By going through this business model assessment process, leadership teams will discover that Web3 has the potential for delivering attractive financial benefits as well as threats. On the revenue side, pursuing Web3 opportunities can create meaningful new revenue streams from new and enhanced Web3 offerings, better market access, and deeper customer relationships. At the same time, be aware of potential price pressure from Web3 ecosystems targeting customers with token-based incentives and lower take rates. From a cost structure perspective, Web3 enablement may help reduce operating expenses and improve capital efficiency, whereas the risk is failing to improve relative to emerging Web3 alternatives.

Opportunities exist to Web3-fy companies and plug into Web3 ecosystems. We’ve identified five opportunities for TradBiz to explore as a starting point when evaluating Web3 opportunities: B2DAO, Web3-fied offerings, token-enabled communities, Web3-fied operations, and Web3 native innovations.

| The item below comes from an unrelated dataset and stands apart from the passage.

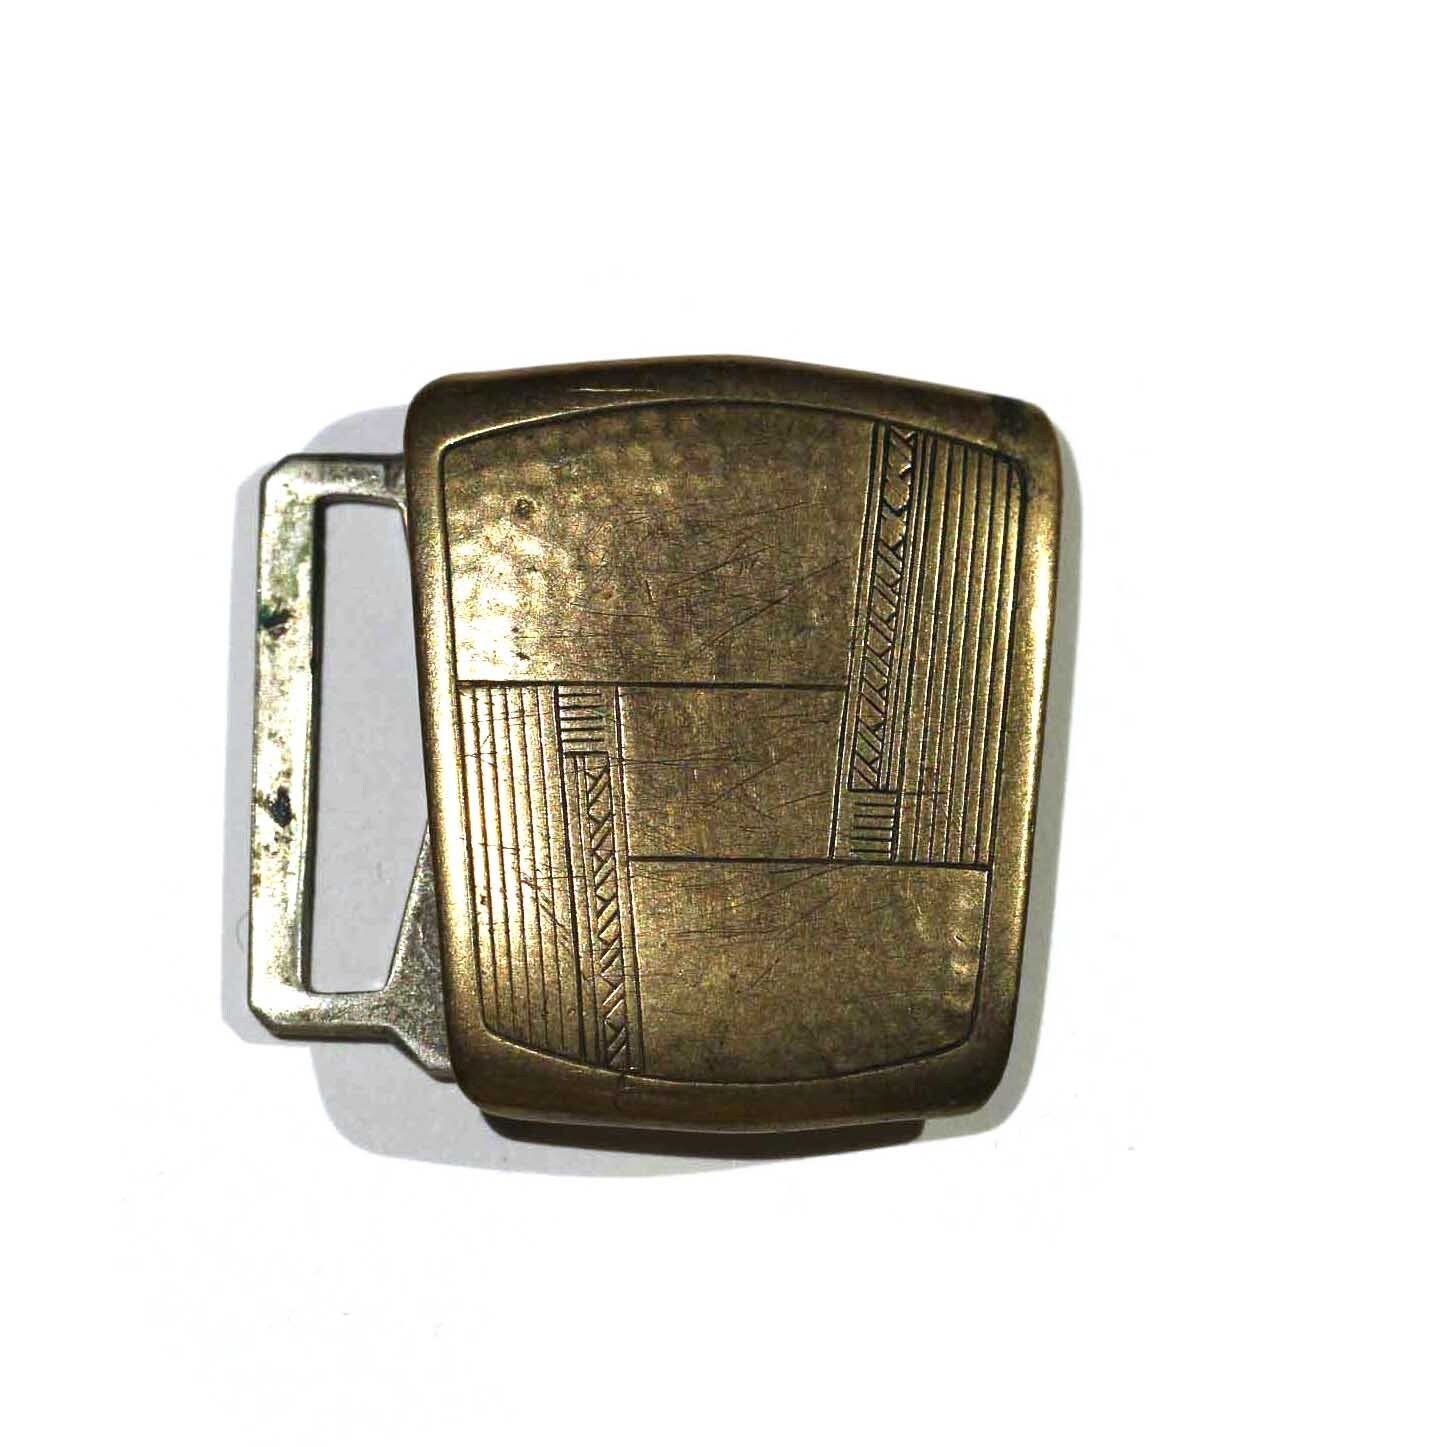 Heavy Retro Solid Brass Pin Belt Buckle Carving Top Thick Designer

Expanding beyond traditional B2B sales, TradBiz organizations have opportunities to pursue B2DAO opportunities, providing products and services that enable DAOs and other Web3-focused businesses. Services needed by DAOs include accounting and finance, legal and regulatory compliance, marketing and community development, smart contract auditing, tax management, and treasury management. Chainalysis, for example, provides compliance and risk management solutions to Web3 ecosystems, financial institutions, exchanges, government agencies, and others to protect and grow the adoption of crypto.⁷ OpenZeppelin performs smart contract audits to ensure that they execute processes as intended, counting distributed networks like Augur, Basic Attention Token, Compound, and Maker among its clients.⁸ And Microsoft’s software development platform, GitHub, is where Web3 developers collaborate to develop, manage, and evolve the code distributed networks.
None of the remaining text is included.